Was hat der Tote aus dem „Tatort“, Heinrich Flemming, mit Tvind zu tun?
„Tatort“-Regisseur Niki Stein sagt selbst, er habe sich bei der Figur Heinrich Flemming am Tvind-Gründer Mogens Amdi Petersen orientiert. Der Zuschauer erfährt über Heinrich, dass sein Vater ein grauenvoller Kriegsverbrecher war und er sich bei der reformpädagogischen Bewegung engagiert, um sich von seinem Nazi-Vater abzugrenzen.
Er will Kinder in freier Selbstbestimmung erziehen, statt sie zu willigen Vollstreckern einer menschenverachtenden Ideologie heranzubilden – aber er überzieht es. Er zwingt die Kinder zu einer Freiheit, die sie nicht wollen: Verzicht auf Fürsorge, elterliche Bindung, das Setzen von Grenzen. Letztendlich nötigt er sie sogar zu einer fragwürdigen Freiheit in der Entwicklung ihrer Sexualität.
Auch Mogens Amdi Petersen ist eine zwielichtige Person, anders jedoch als die Figur Flemming. Über den Reformpädagogen Petersen ist bekannt, dass er die Tvind-Bewegung maßgeblich prägte und sich selbst als einfache Person mit simplem Geschmack, als verarmten Weltverbesserer, beschreibt. Die Wahrheit ist aber wohl eher, dass er ein Betrüger war, der auf Kosten der Armen seinen Reichtum ausbaute.
„Tatort“- Segelschiff und Indianer – Borowskis neuer Fall
Wie dänische Medien anlässlich seines 80. Geburtstags anfang dieses Jahres berichteten, wurden ihm Ende der 1970er Jahre Betrug und Steuerhinterziehung vorgeworfen, daher ging er für 22 Jahre in den Untergrund, bis er in den USA gefunden und an Dänemark ausgeliefert wurde.
Im Prozess wurde er zwar zunächst freigesprochen. Als das Verfahren 2006 wieder aufgenommen wurde, setzte er sich erneut ins Ausland ab. Seither ist Petersen verschwunden und wird von Interpol gesucht. Es wird vermutet, dass Petersen heute in Mexiko lebt.

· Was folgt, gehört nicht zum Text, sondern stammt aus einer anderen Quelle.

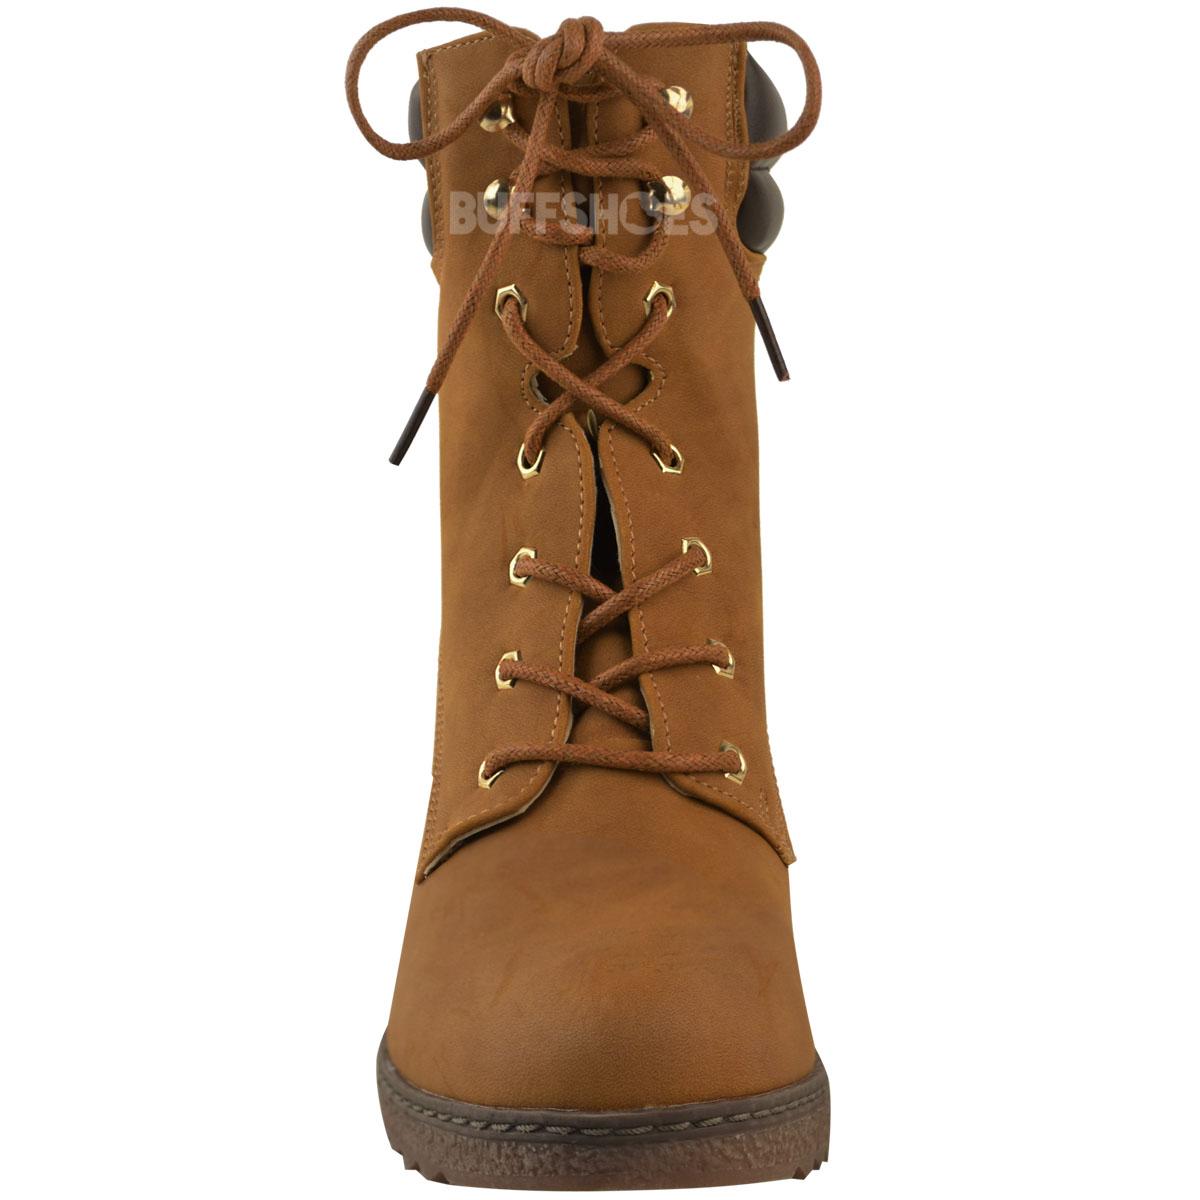 Womens-Ladies-Winter-Walking-Boots-Fleece-Warm-Lining-Cosy-Low-Block-Heel-Size Indexbild 11

Ehemalige Wegbegleiter beschreiben ihn als charismatischen – fast verführerischen – Anführer, jemanden mit unberechenbarem Temperament, dessen Stimmung innerhalb kürzester Zeit von Freude zu Wut umschlagen konnte.

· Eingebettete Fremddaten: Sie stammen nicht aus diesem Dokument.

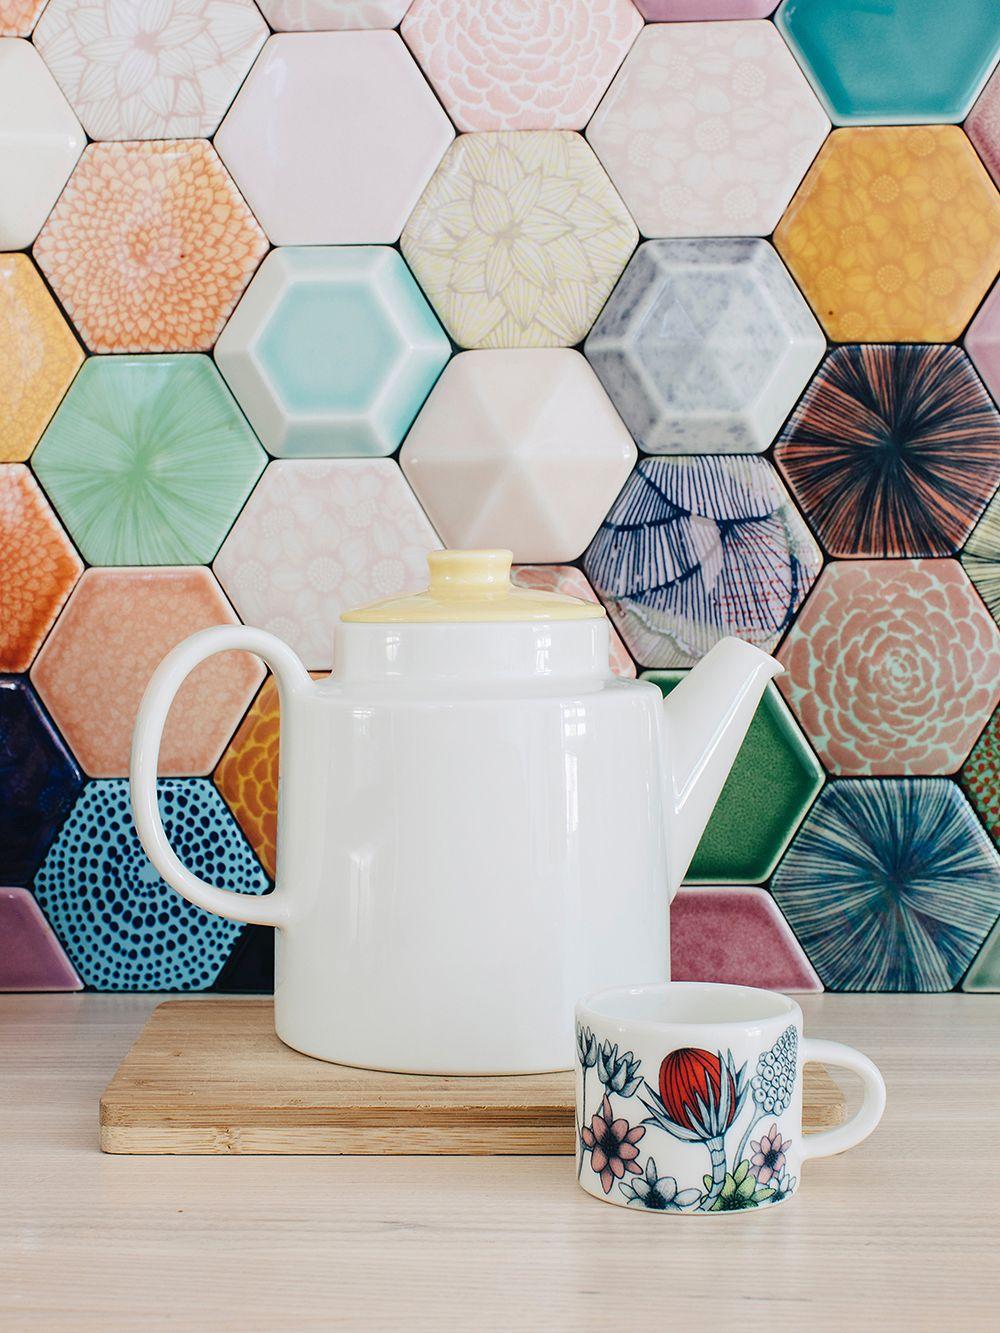 Ceramic artist Heini Riitahuhta

Welche Parallelen gibt es zwischen „Ulydighed“ und Tvind?
- Die Gründung: Sowohl das fiktive Konzept „Ulydighed“ als auch das real existierende freie Schulsystem Tvind wurden in den 1970er Jahren in Dänemark gegründet. Tvind kaufte einen Bauernhof, der zur Schule umgebaut wurde. Die Reformpädagogik von „Ulydighed“ kam an einem Internat zum Einsatz, das „Arken“ hieß. „Arken“ ist dänisch und bedeutet auf Deutsch „Arche“.
- Skandale: Im „Tatort“ berichtet Kommissarin Sahin ihrem Kollegen Borowski von einem Skandal bei „Ulydighed“, bei dem Schüler mitten in der Wildnis ausgesetzt worden seien, Hunderte Kilometer entfernt von der Schule, irgendwo in Schottland oder in den norwegischen Lofoten, um selbst wieder zurück zu finden. Auch bei Tvind hatte es einen solchen Skandal gegeben. Dabei sollten Schüler von einer Reise in Irland selbstständig nach Hause trampen.

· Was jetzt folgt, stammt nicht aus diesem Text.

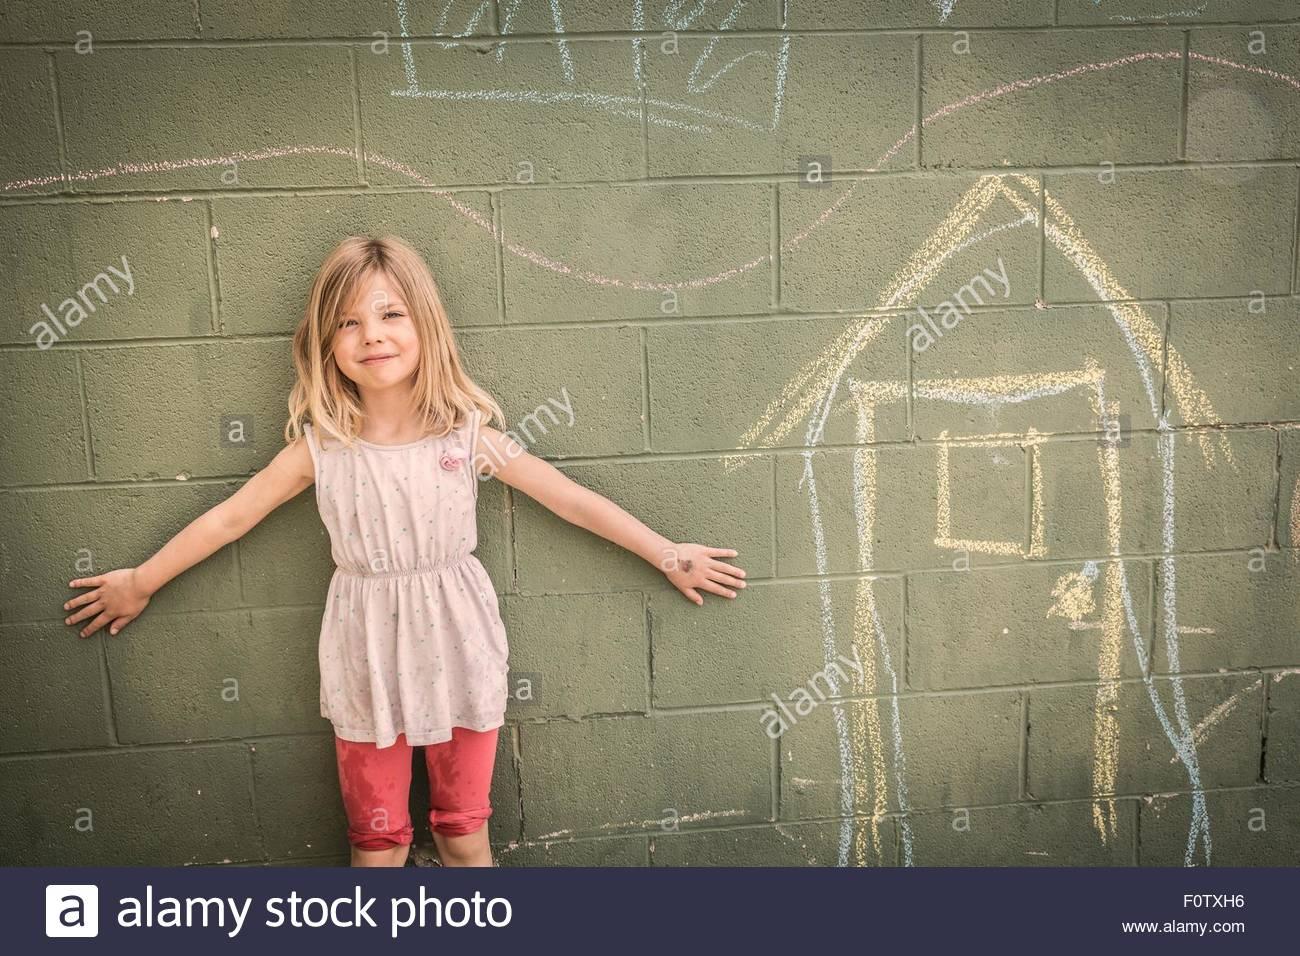 Mädchen vor Wand mit Kreidezeichnungen, Porträt Stockbild

- Schließung der Schule: Unter anderem der Skandal um die in der Wildnis ausgesetzten Schüler führte im „Tatort“ Mitte der 1990er Jahre zur Schließung des Internats „Arken“. Die real existierenden Tvind-Schulen erfuhren ebenfalls Mitte der 90er einen entscheidenden Einschnitt. Ihnen wurde der staatliche Zuschuss entzogen. Fast alle Tvind-Schulen wurden aber mit weniger Schülern und geringeren finanziellen Mitteln weitergeführt.
Gibt es auch beim Segelschiff „Arken“ eine Parallele zur Realität?
Ja, zumindest eine kleine. Inga Andersen ist im „Tatort“ die Geliebte des Toten und Mitbegründerin der reformpädagogischen Bewegung. Seit der Schließung des Internats „Arken“ lebte sie gemeinsam mit ihrer Tochter und ein paar als schwierig geltenden Jugendlichen, um die sie sich kümmert, auf dem Segelschiff „Arken“. Heinrich Flemming lebte bis zu seiner Demenz-Erkrankung offenbar mit ihr auf dem Schiff.
Auch in der Realität spielte ein Schiff eine gewisse Rolle, wie der „Guardian“ 2003 in einem Artikel über den Tvind-Gründer Mogens Amdi Petersen berichtet. Als Petersen sich Ende der 70er Jahre in den Untergrund zurückzog, kaufte er sich gemeinsam mit seiner Lebensgefährtin Kirsten Larsen ein Segelschiff – oder besser: eine Segel-Yacht, die Luxus-Yacht „Butterfly McQueen“.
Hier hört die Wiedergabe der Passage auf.